With little or no control over the product itself, news media marketers face the challenge of making sure new subscribers realize the full benefits of their subscription and understand their business is appreciated. 

Assuming is never good. And assuming new subscribers understand all their subscription has to offer is a recipe for poor retention and declining revenue. 

The key to success is managing customer expectations. This starts with timely and relevant communication the moment the subscription order is placed. 

At the very least, it includes welcoming new subscribers, thanking them for their business, and letting them know when they can expect delivery or access to their subscription.

It also includes proactive follow-up with new subscribers to ensure they are receiving delivery as scheduled and/or can access their digital subscription. Waiting for a new subscriber to report their dissatisfaction is the same as waiting to fail.

The new subscriber’s experience over the first two weeks of their subscription determines their level of satisfaction and, in turn, impacts their potential value to the news publisher.

Ordering a subscription without knowing when delivery starts is never good. Failing to receive delivery on the promised start date is even worse. Believing that the less you communicate is better or that no news from a new subscriber is good news is denial. 

Proactive communications — with the goal of not only managing but exceeding a new subscriber’s expectations — is what leads to long-term profitable subscriber-publisher relationships.

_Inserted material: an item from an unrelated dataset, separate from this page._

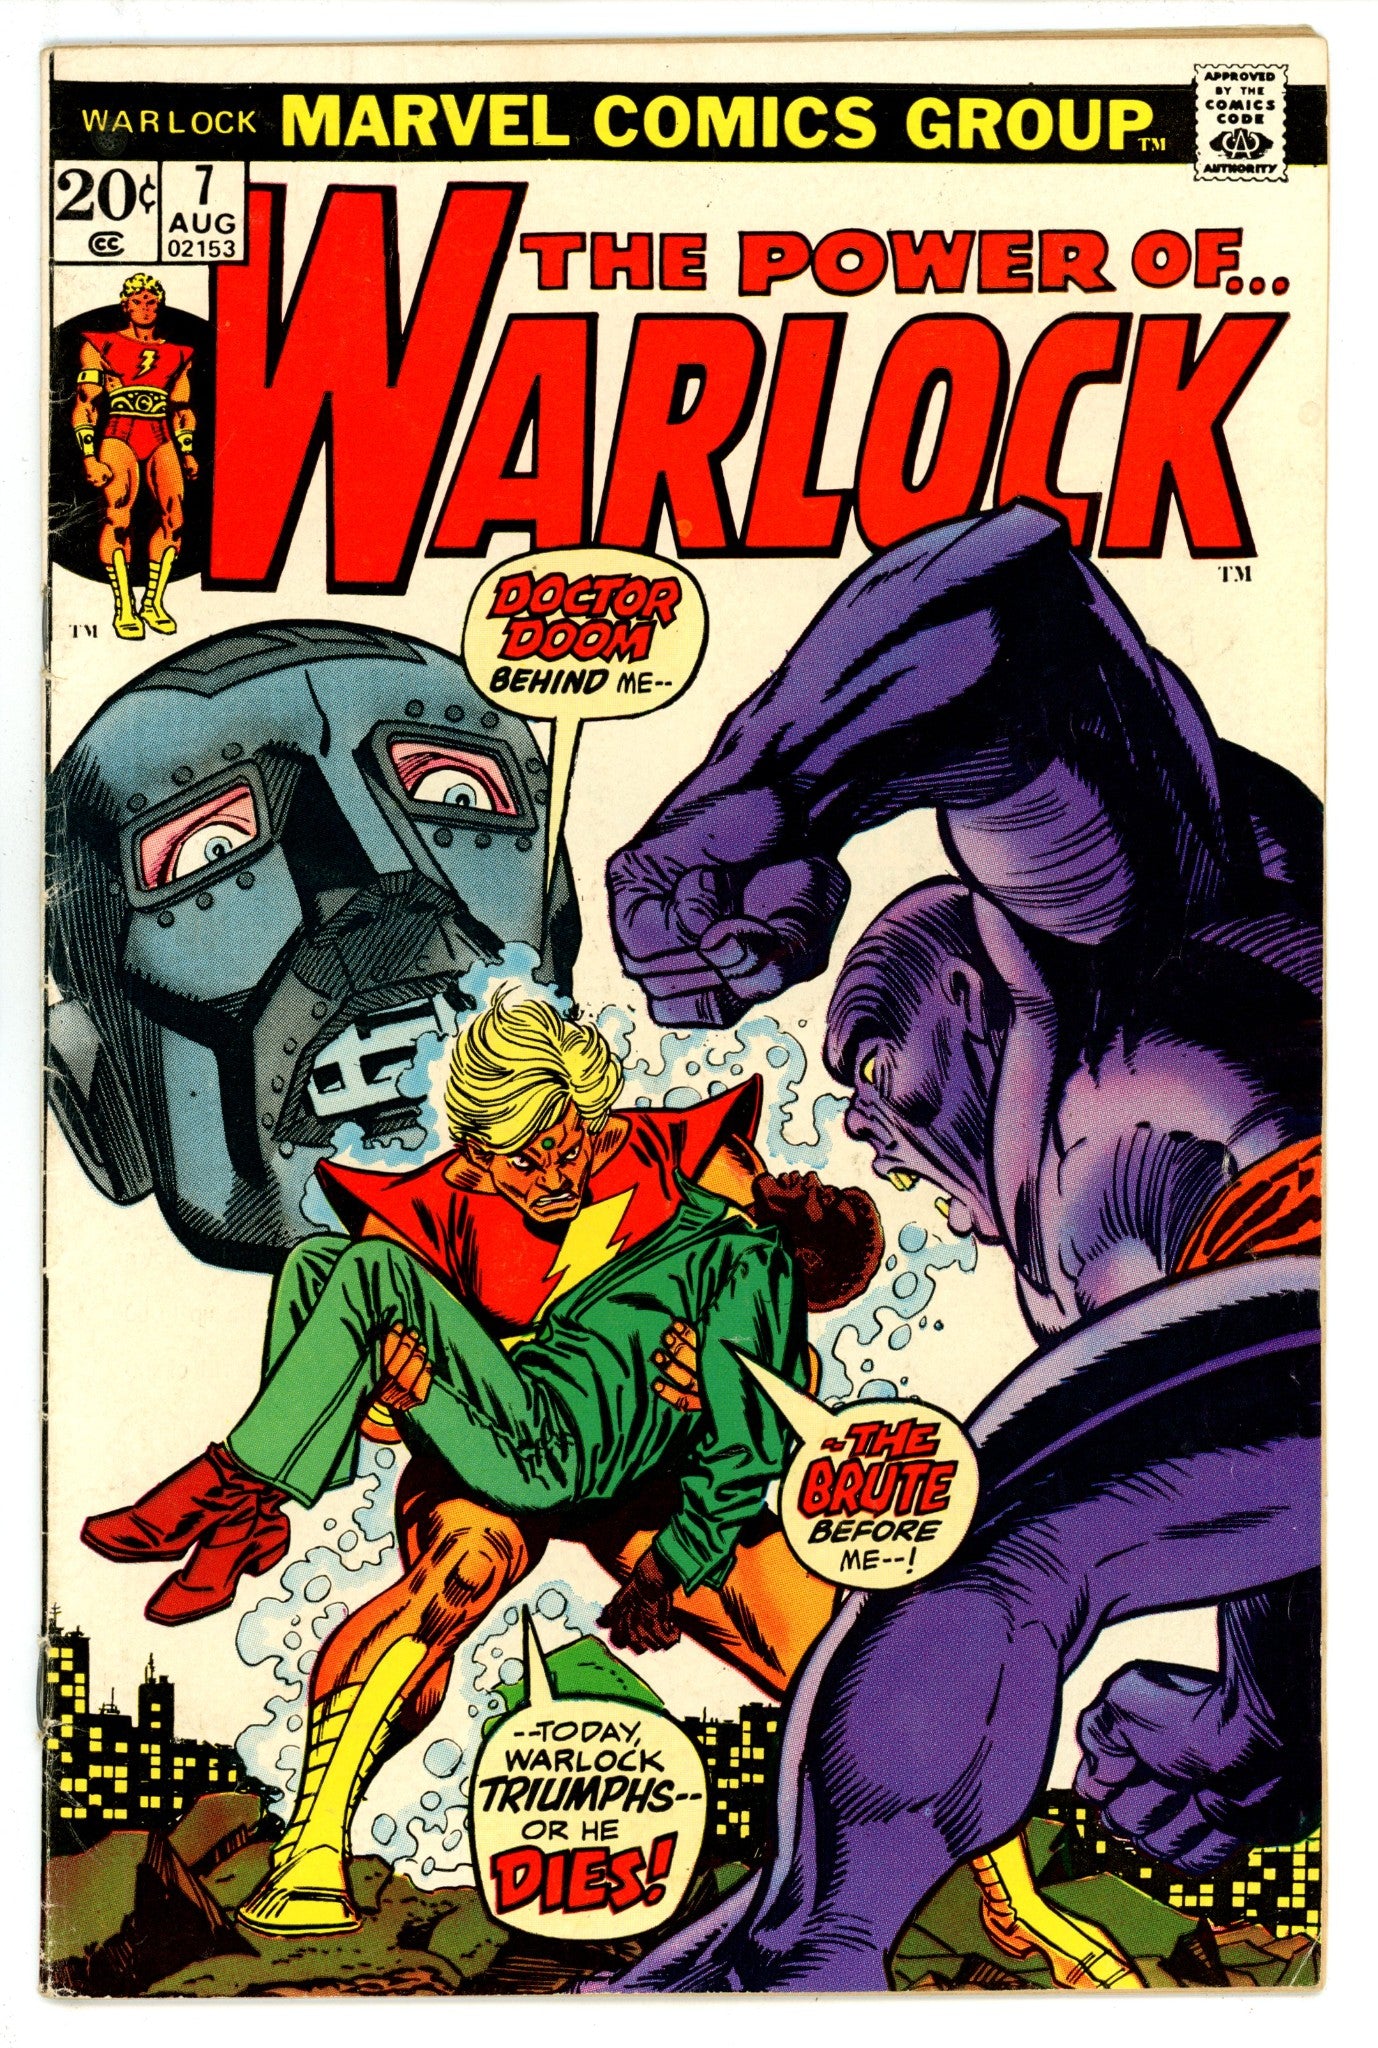 Warlock Vol 1 7 VG- (3.5) (1973)

Helping new customers understand what their subscription has to offer, reinforcing the tangible benefits of their subscription, and ongoing follow-up with them to confirm their understanding and satisfaction is the difference between a one-time sale and a profitable, long-term relationship.

There is an old saying, “Nothing happens until someone sells something.” In the subscription-based news-media industry, the hard work begins after the sale is made.